Instructions for the task. A verbatim transcript of the data below is required, images omitted.

Dataset section.
- Opening Delimiter -
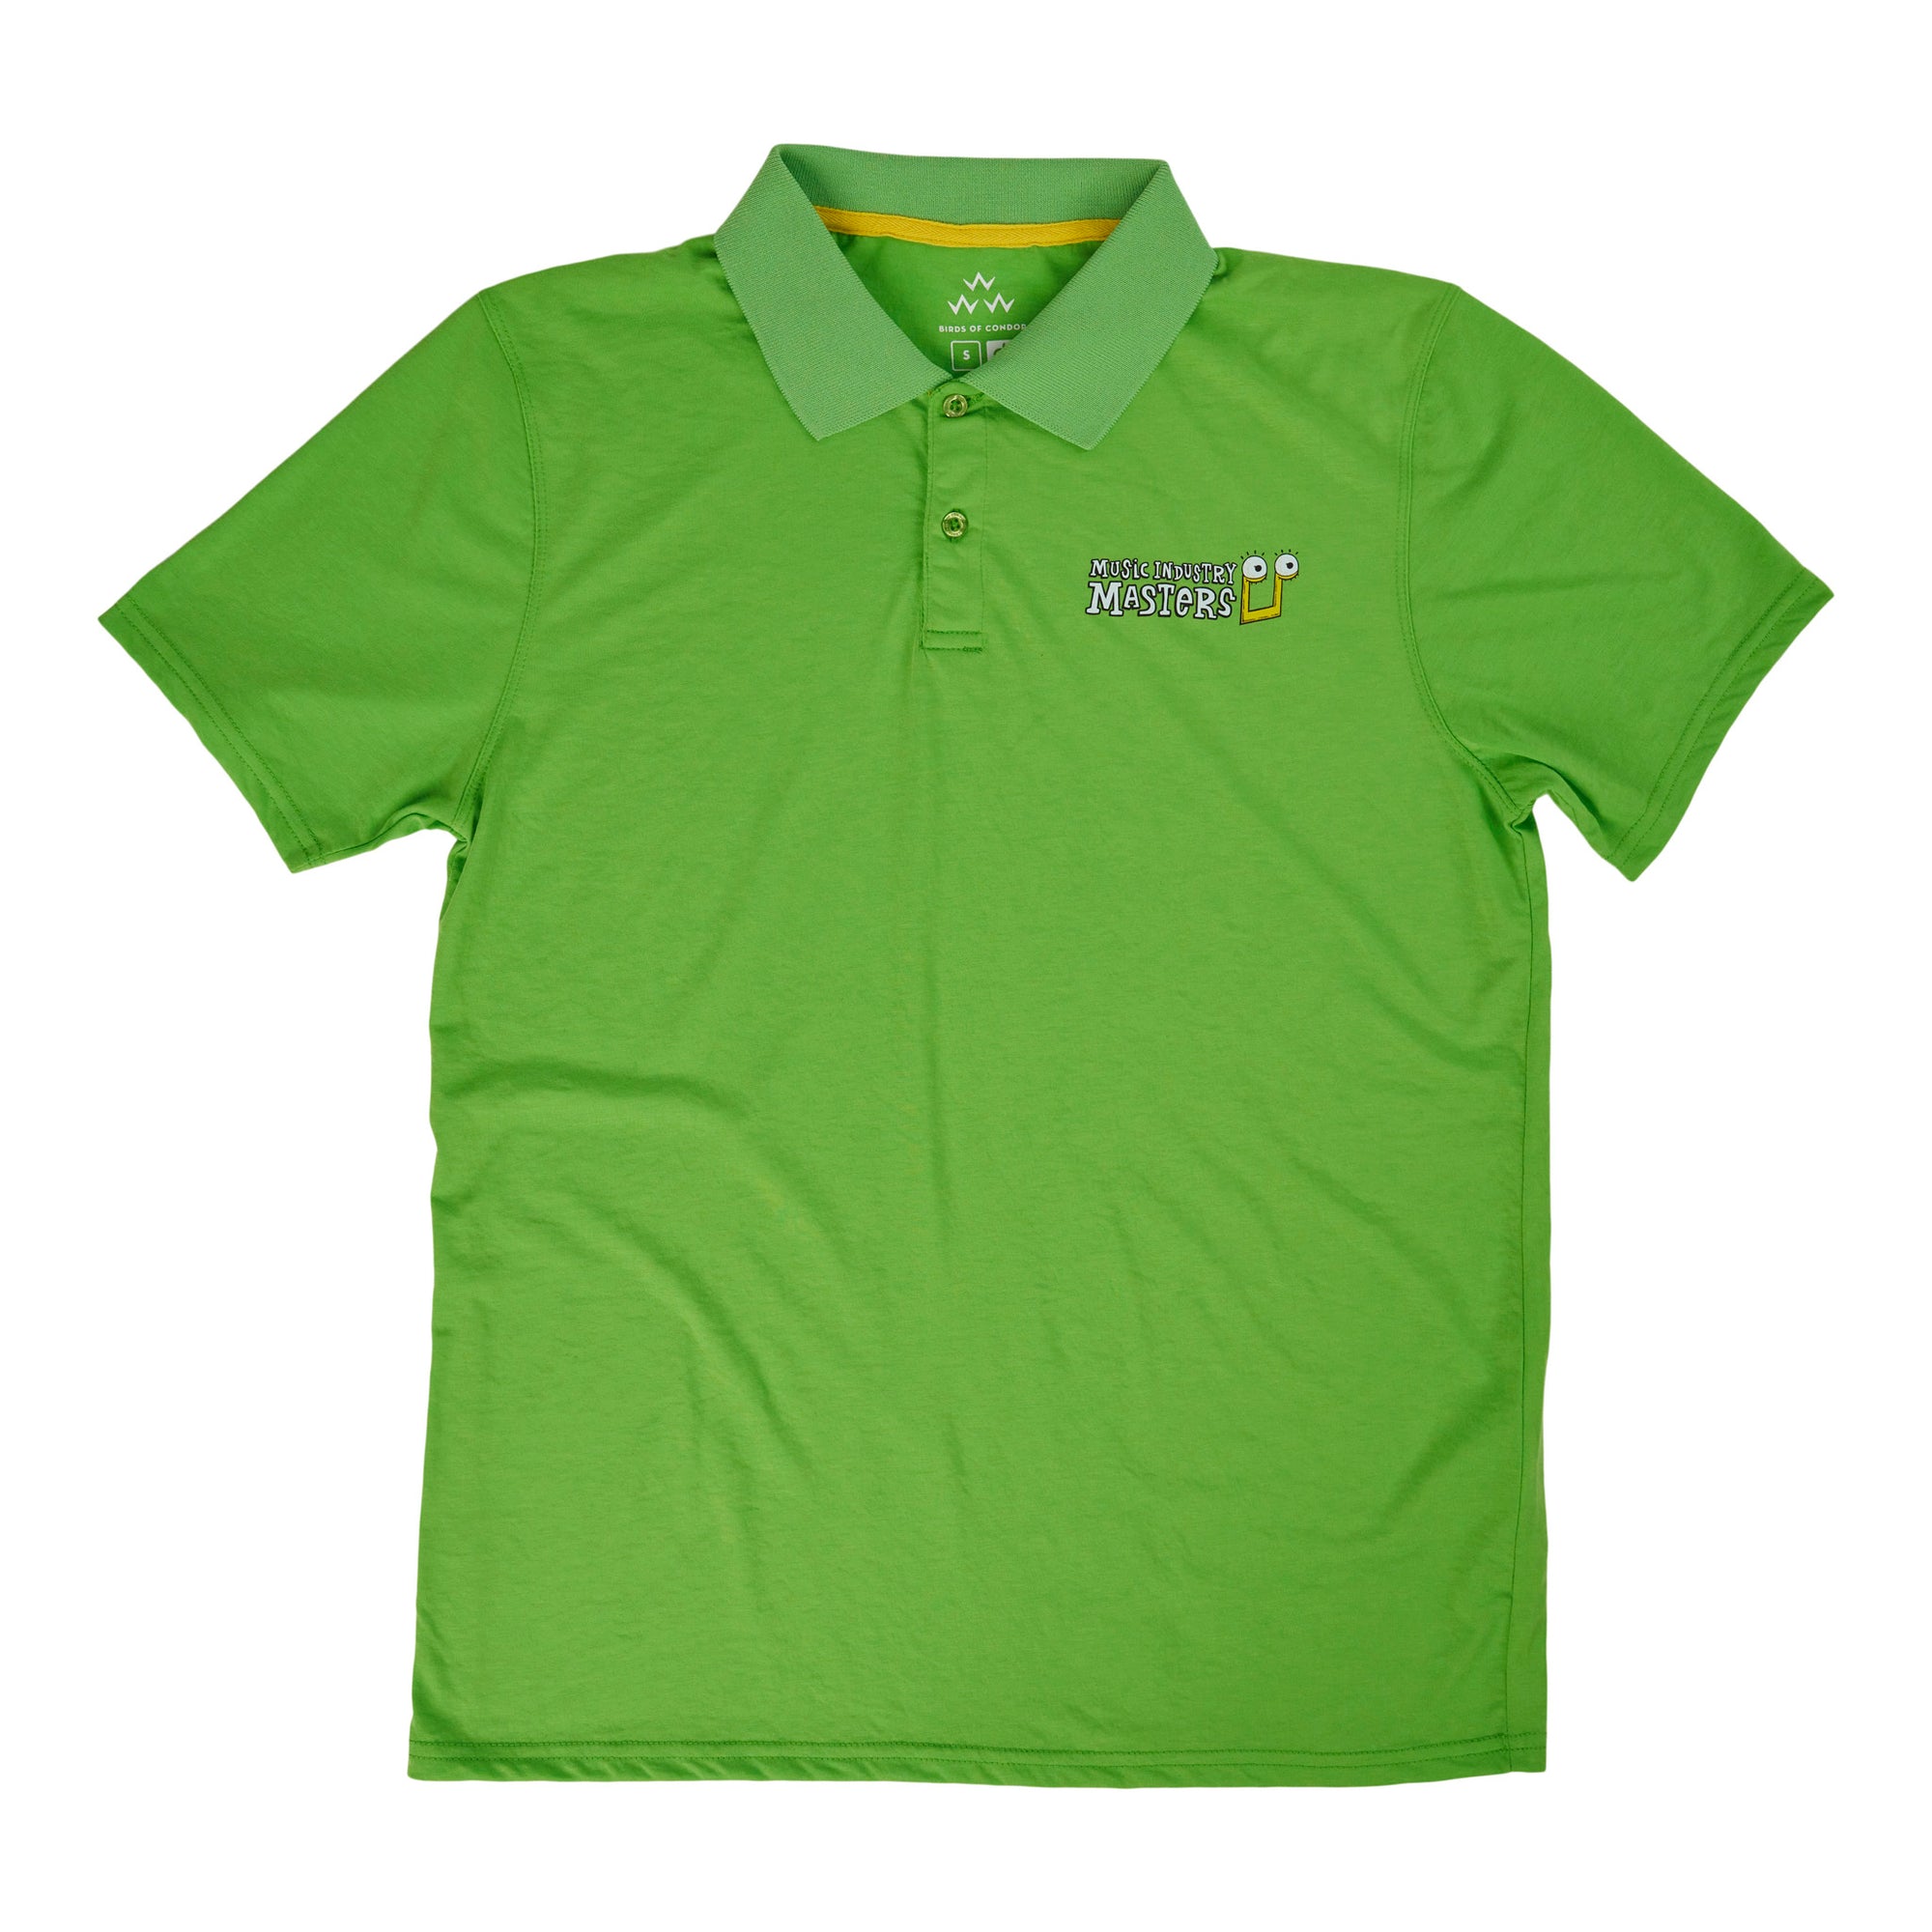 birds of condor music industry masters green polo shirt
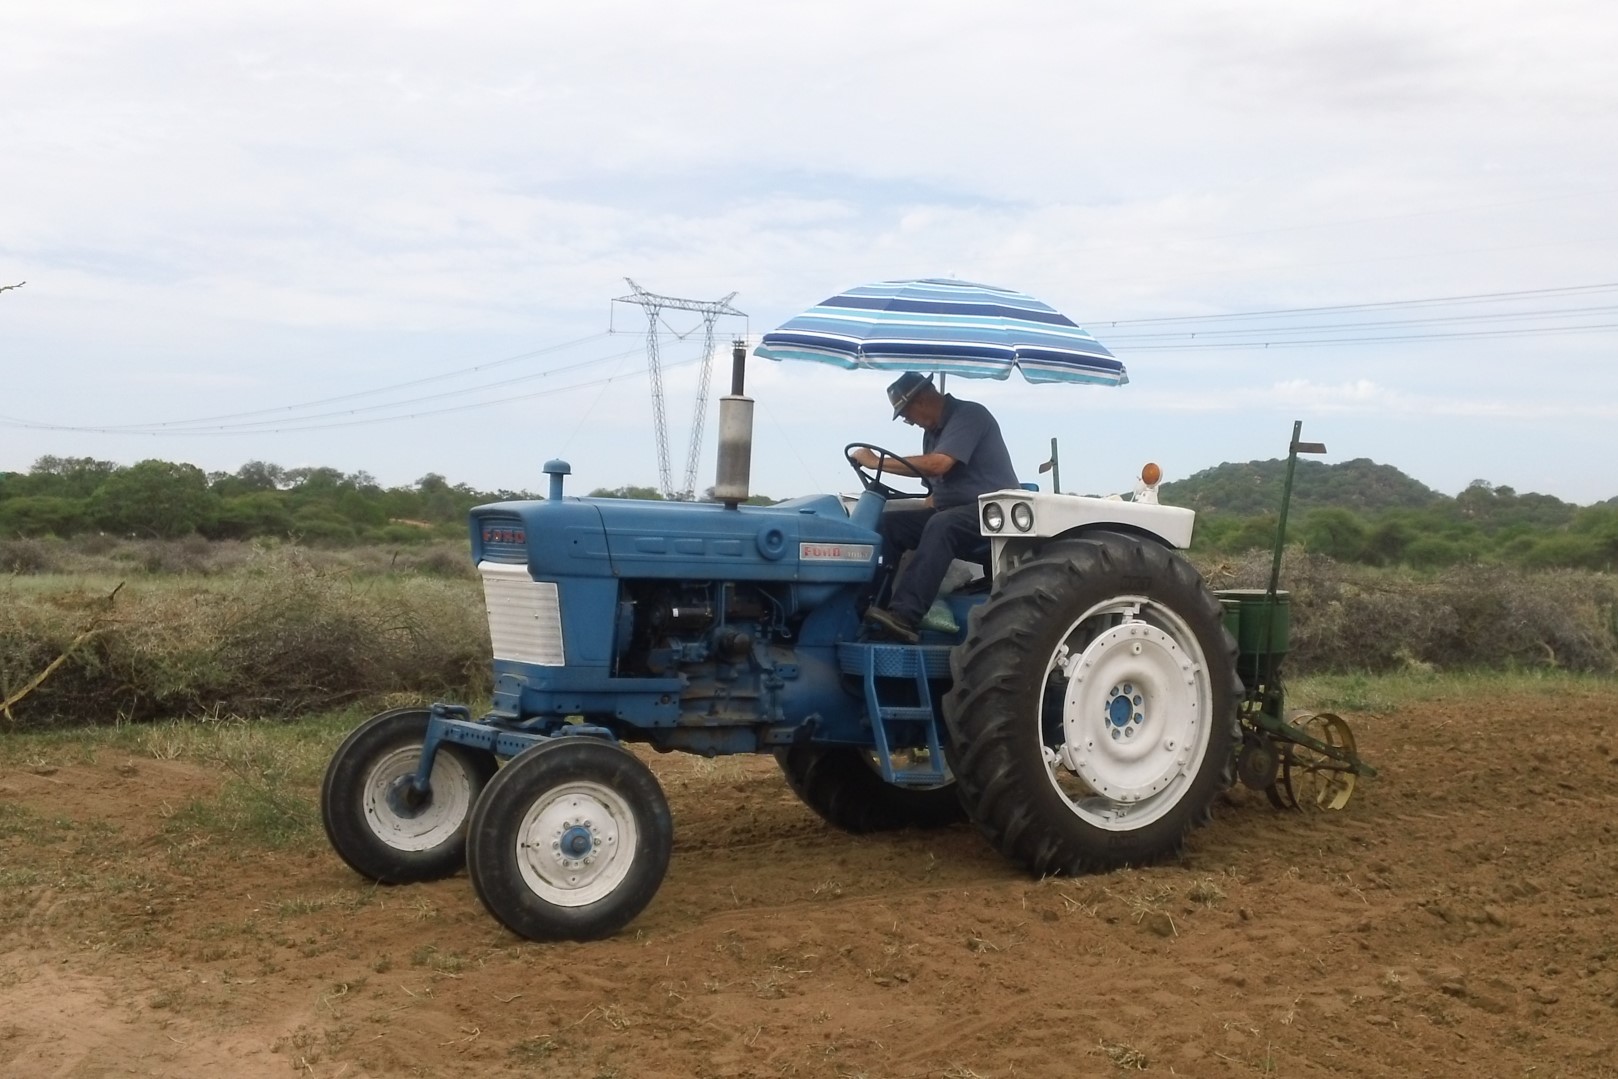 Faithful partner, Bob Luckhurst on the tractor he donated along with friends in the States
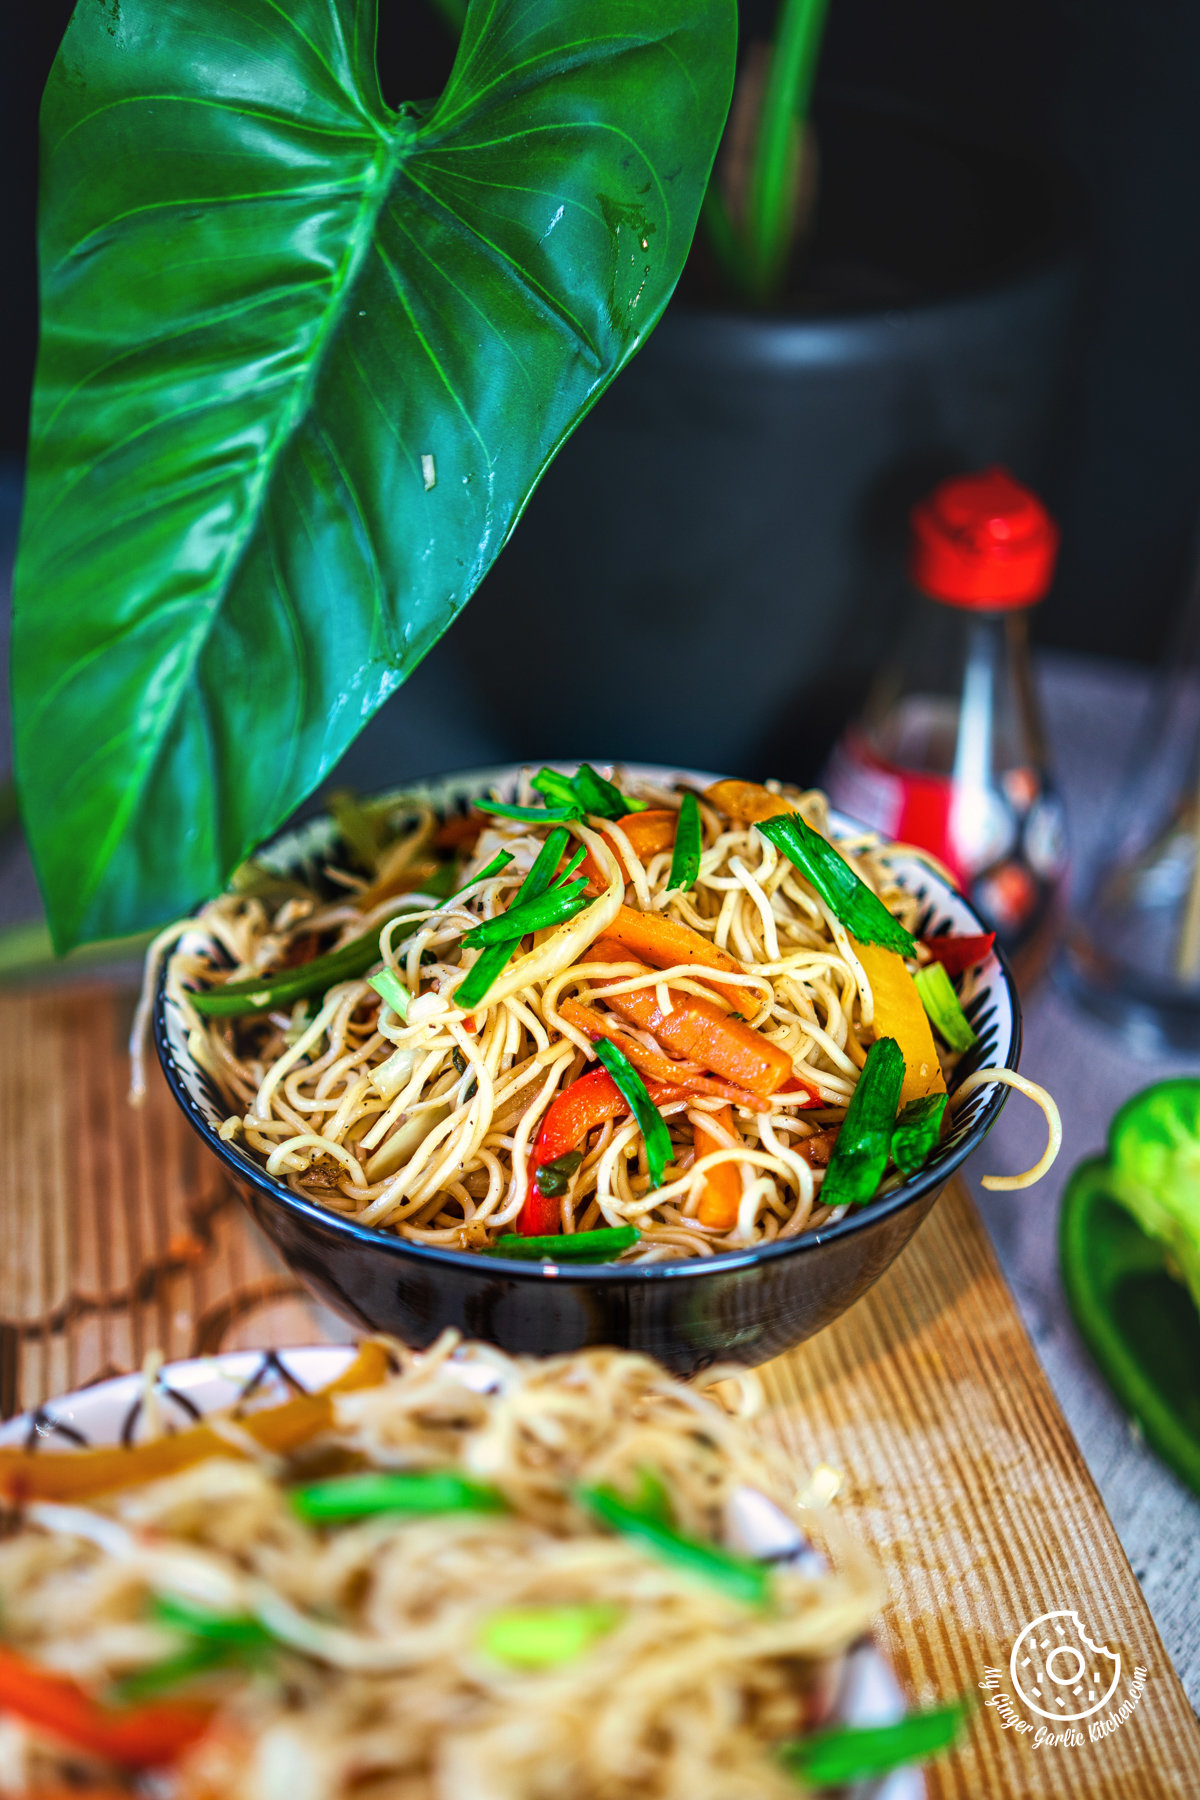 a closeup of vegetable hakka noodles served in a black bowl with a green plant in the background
- Closing Delimiter -
Exercise result.
 birds of condor music industry masters green polo shirt
 Faithful partner, Bob Luckhurst on the tractor he donated along with friends in the States
 a closeup of vegetable hakka noodles served in a black bowl with a green plant in the background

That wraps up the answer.